Homeownership rates in the U.S. have been on a slow decline for the last decade, but the issue has become increasingly alarming for those under 35. According to a recent Harvard study, the Millennial generation is made up overwhelmingly of those who do not own the home in which they live, with just above 30% reporting owning their home outright or holding a mortgage.

Historically, the earlier a homeowner gets into their own house, the faster they can start building equity, giving them a significant well of reserves from which to tap into if the need arises. It also helps to cut out the mortgage payment earlier in life, freeing up that money for other investments or paying down other debt.

In the U.S. (and to a similar extent in other countries), the growing number of people who are either renting long-term or are living with their parents/other relatives pose an opportunity for investors and developers, but a serious problem for other sectors of the economy. This group of non-homeowners are spending and saving less outside of rent and are suffering emotionally and socially when living with their parents.

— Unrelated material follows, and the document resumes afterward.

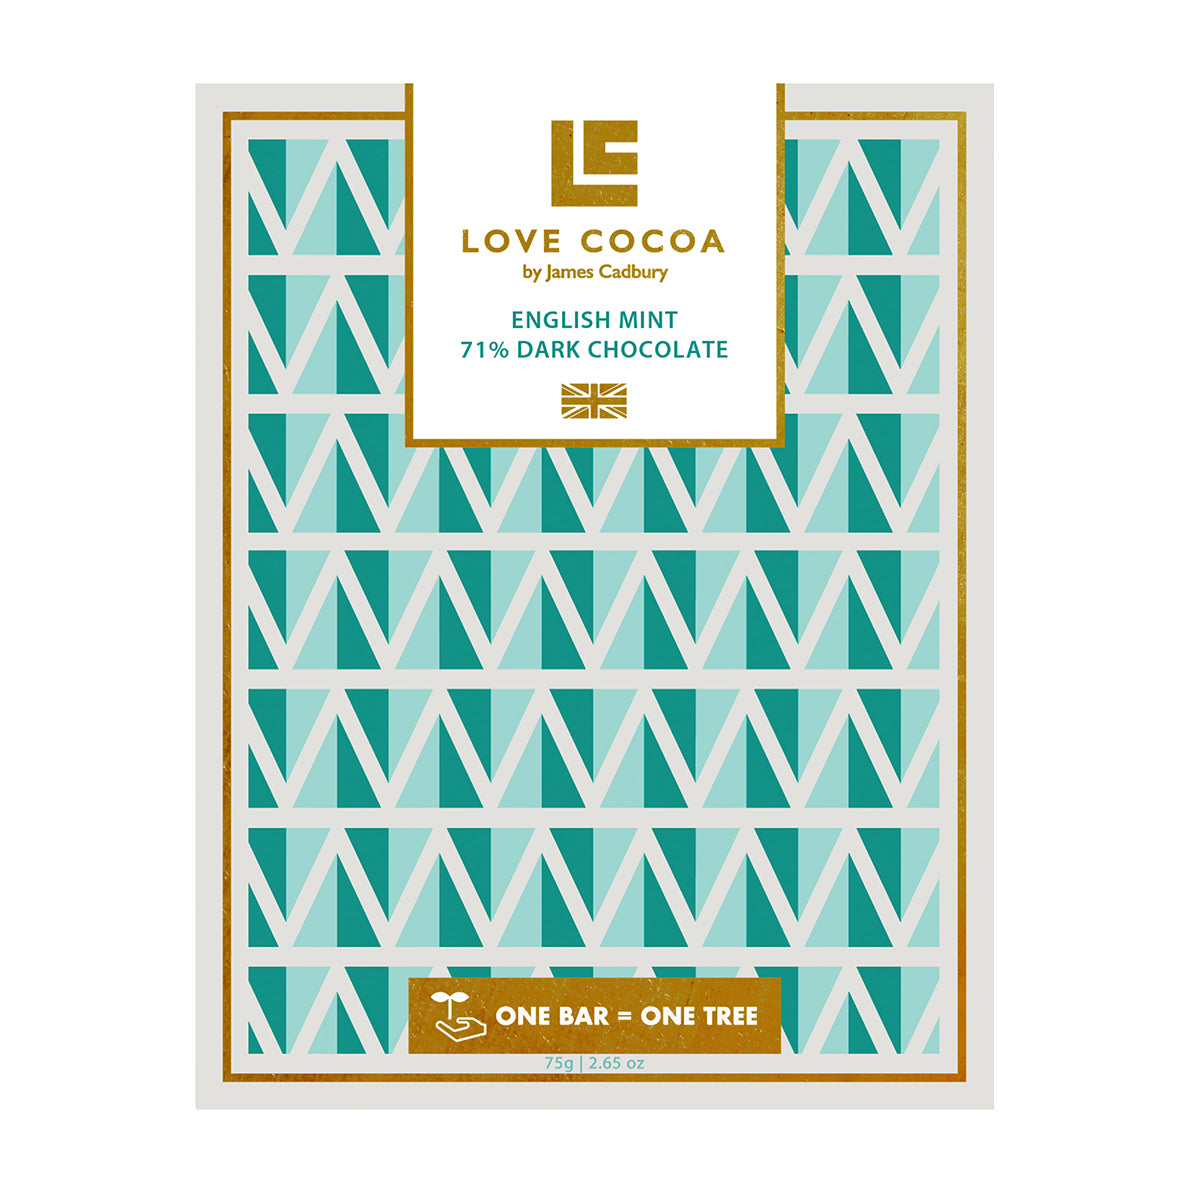 Love Cocoa Dark Chocolate English Mint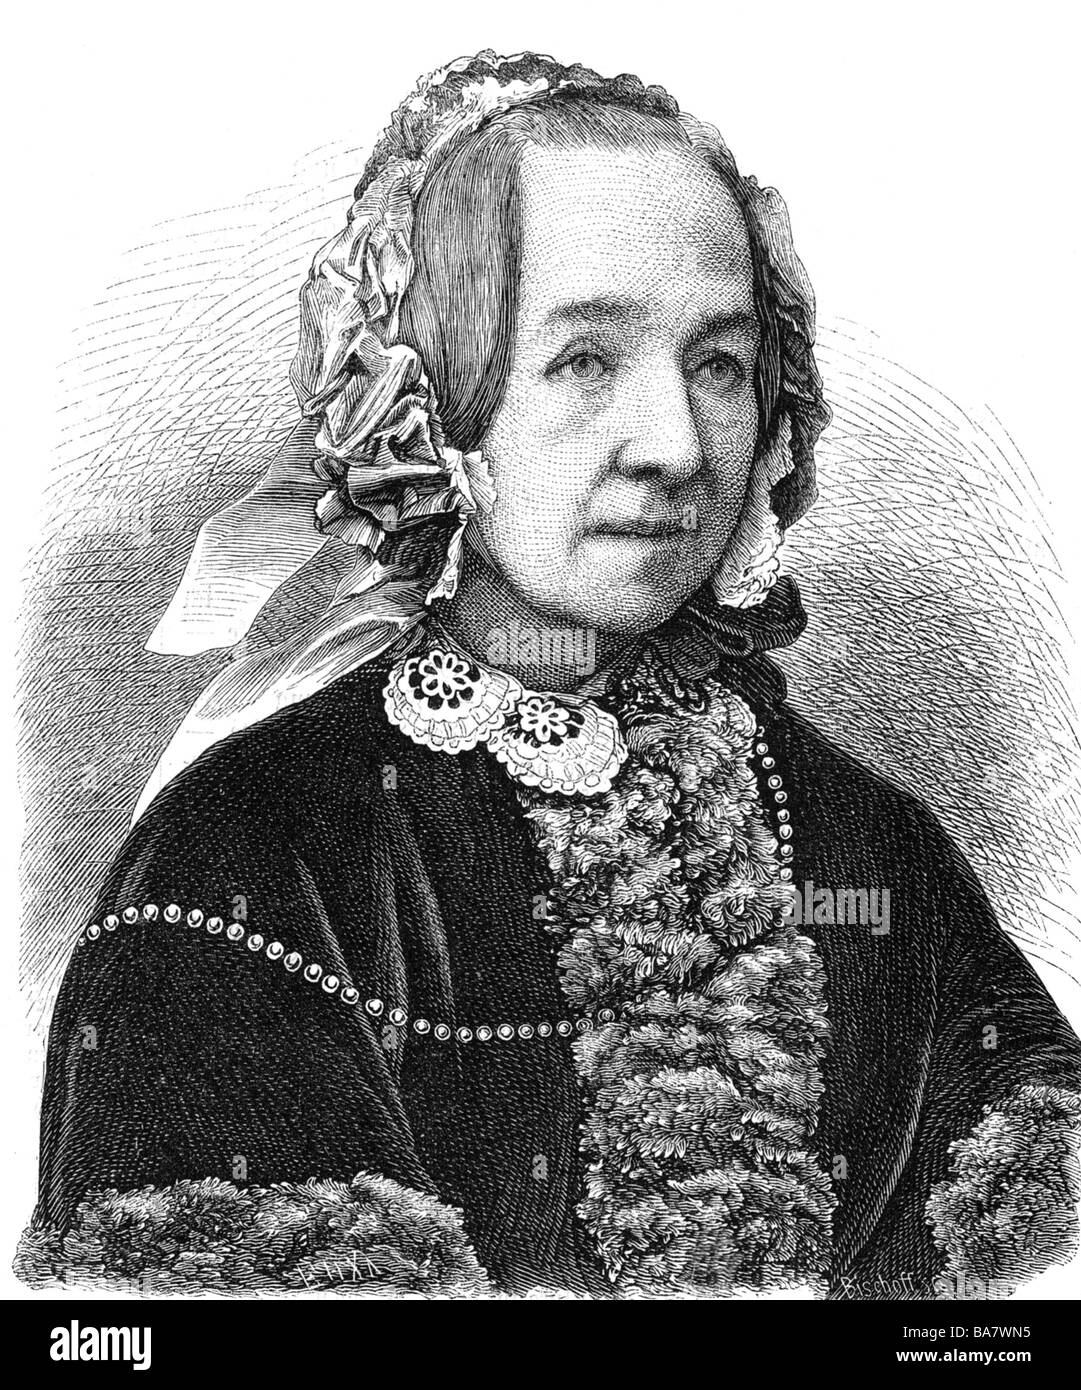 Bremer, Fredrika, 17.8.1801 - 31.12.1865, escritor / autor sueco, retrato, grabado con tapa, siglo 19, Foto de stock

It’s well-known that the housing market is hot in most areas of the U.S., escalating to the point where many Millennials simply cannot compete with the kind of money that a flipper or someone looking for a rental residence can. Even with relatively low interest rates, the combination of stagnating wages, reduced purchasing power, and a nationwide housing market rising too fast for potential first-time homeowners is preventing the 30% home ownership number from rising significantly.